Just van Rossum just@letterror.com
Tue, 2 May 2000 06:47:35 +0100


At 11:31 PM -0400 01-05-2000, Guido van Rossum wrote:
>Here's one usage scenario.
>
>A Japanese user is reading lines from a file encoded in ISO-2022-JP.
>The readline() method returns 8-bit strings in that encoding (the file
>object doesn't do any decoding).  She realizes that she wants to do
>some character-level processing on the file so she decides to convert
>the strings to Unicode.
>
>I believe that whether the default encoding is UTF-8 or Latin-1
>doesn't matter for here -- both are wrong, she needs to write explicit
>unicode(line, "iso-2022-jp") code anyway.  I would argue that UTF-8 is
>"better", because interpreting ISO-2022-JP data as UTF-8 will most
>likely give an exception (when a \300 range byte isn't followed by a
>\200 range byte) -- while interpreting it as Latin-1 will silently do
>the wrong thing.  (An explicit error is always better than silent
>failure.)

But then it's even better to *always* raise an exception, since it's
entirely possible a string contains valid utf-8 while not *being* utf-8. I
really think the exception argument is moot, since there can *always* be
situations that will pass silently. Encoding issues are silent by nature --
eg. there's no way any system can tell that interpreting MacRoman data as
Latin-1 is wrong, maybe even fatal -- the user will just have to deal with
it. You can argue what you want, but *any* multi-byte encoding stored in an
8-bit string is a buffer, not a string, for all the reasons Fredrik and
Paul have thrown at you, and right they are.
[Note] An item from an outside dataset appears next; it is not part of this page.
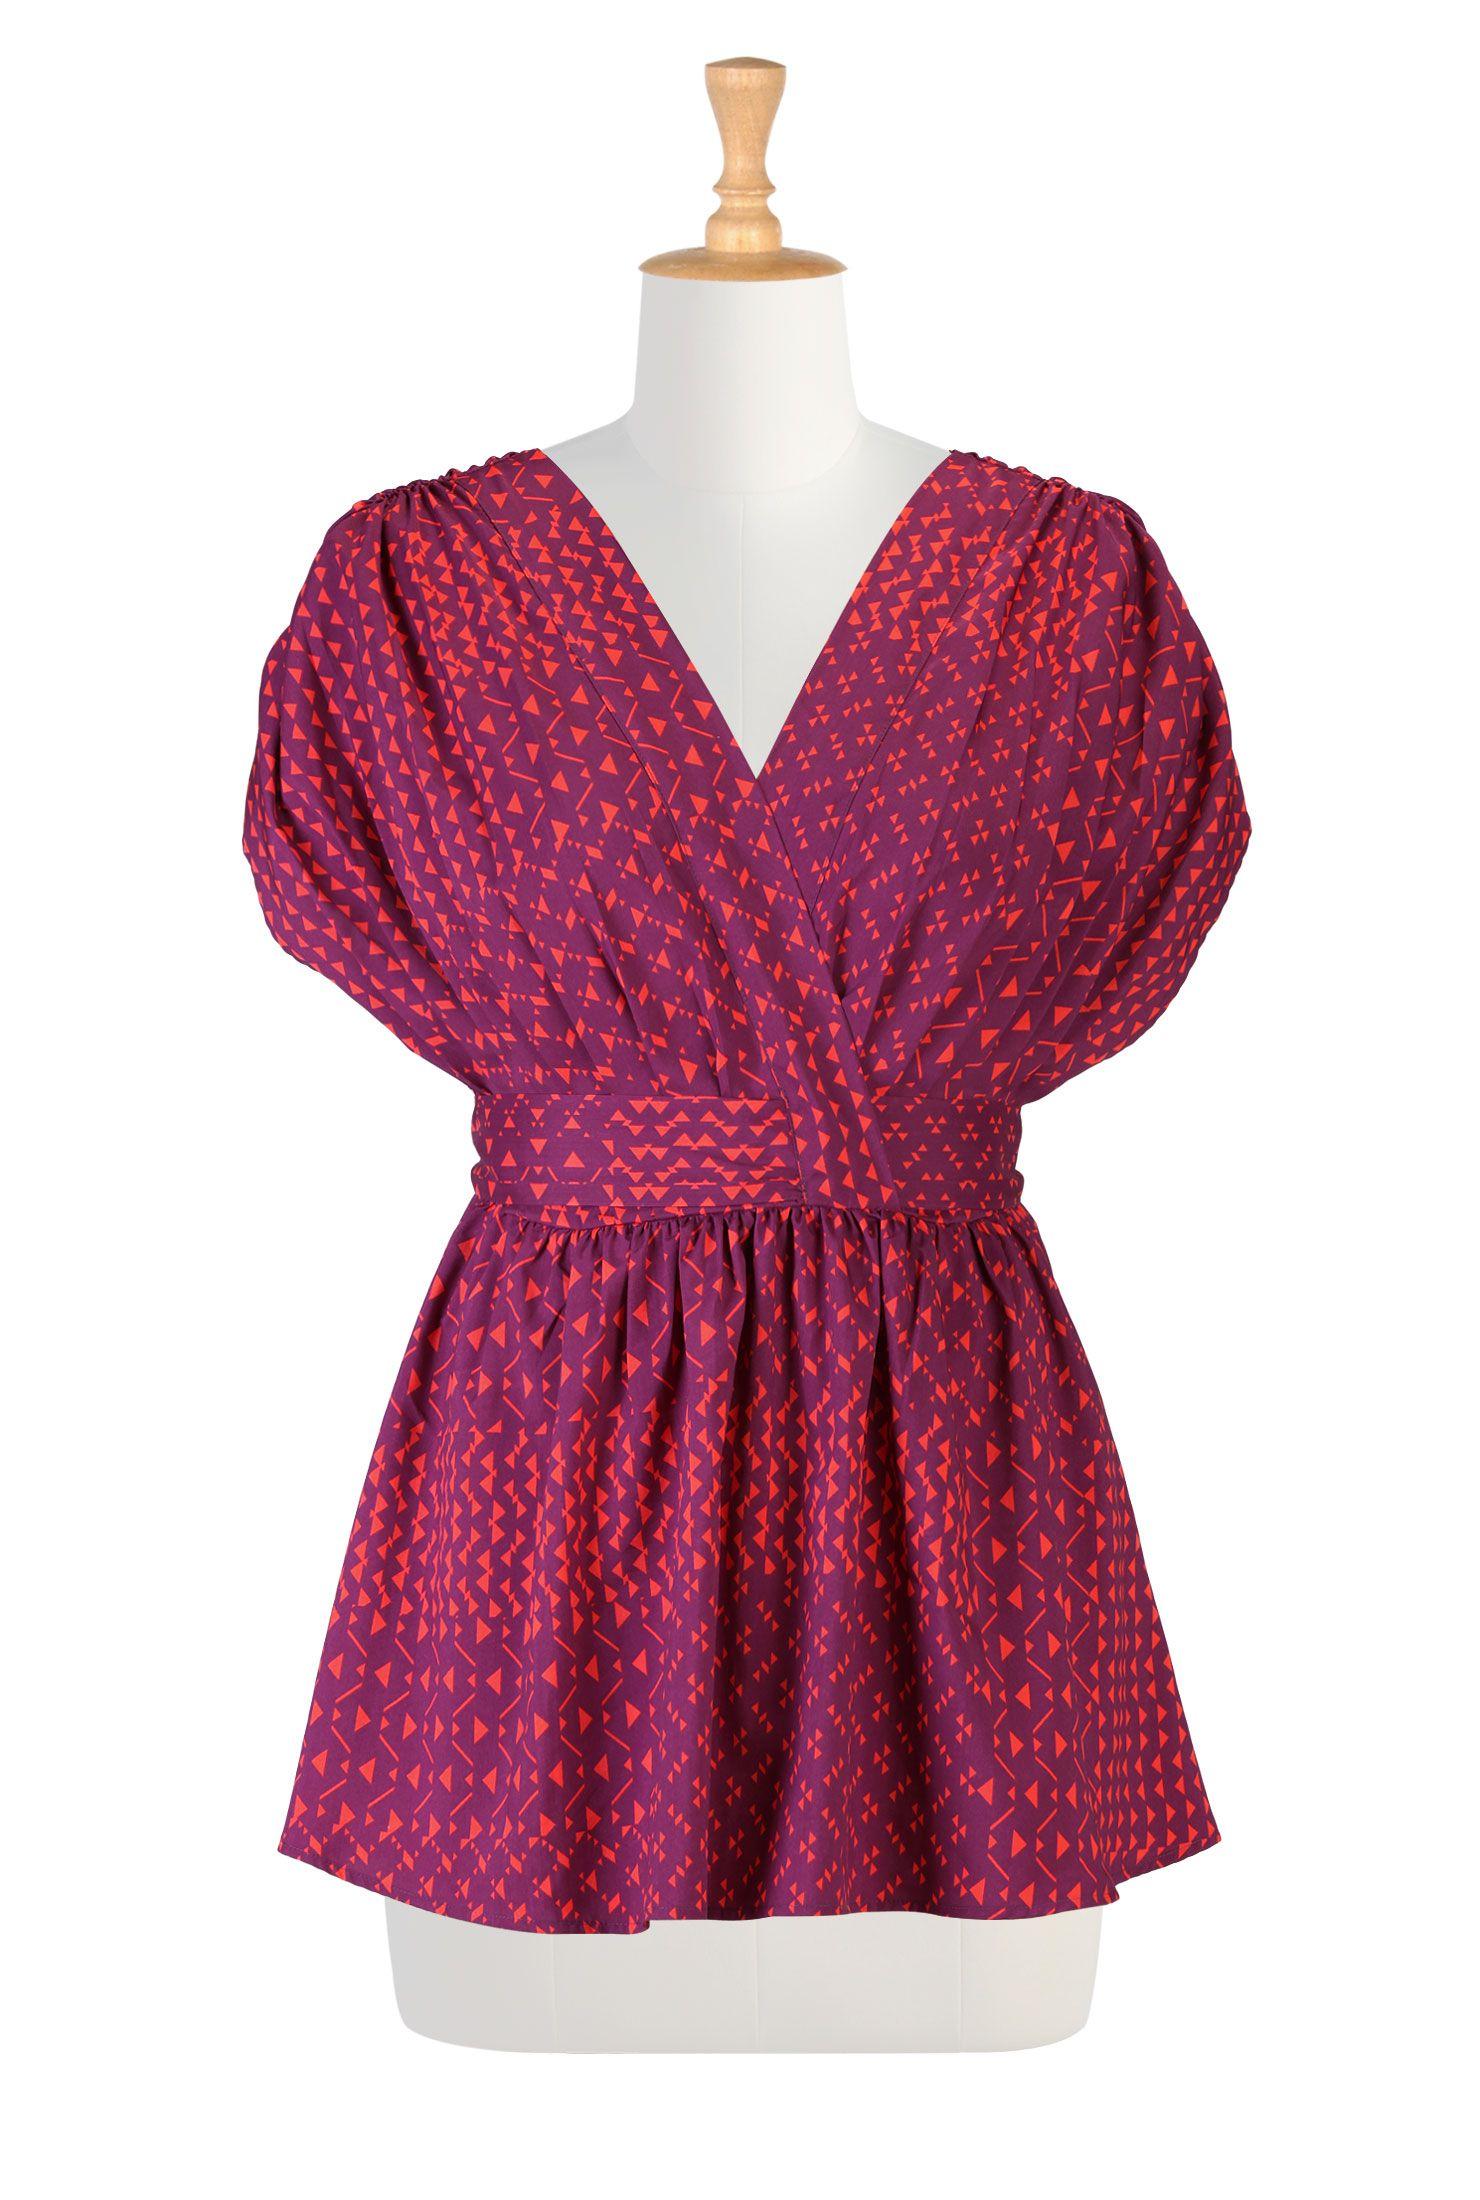 Faux wrap pleated print blouse fashion design

Choosing such an encoding as a
default conversion to Unicode makes no sense at all. Recap of the main
arguments:

pro UTF-8:
always reversible when going from Unicode to 8-bit

con UTF-8:
not a string: confusing semantics

pro Latin-1:
simpler semantics

con Latin-1:
non-reversible, western-centric

Given the fact that very often *both* will be wrong, I'd go for the simpler
semantics.

Just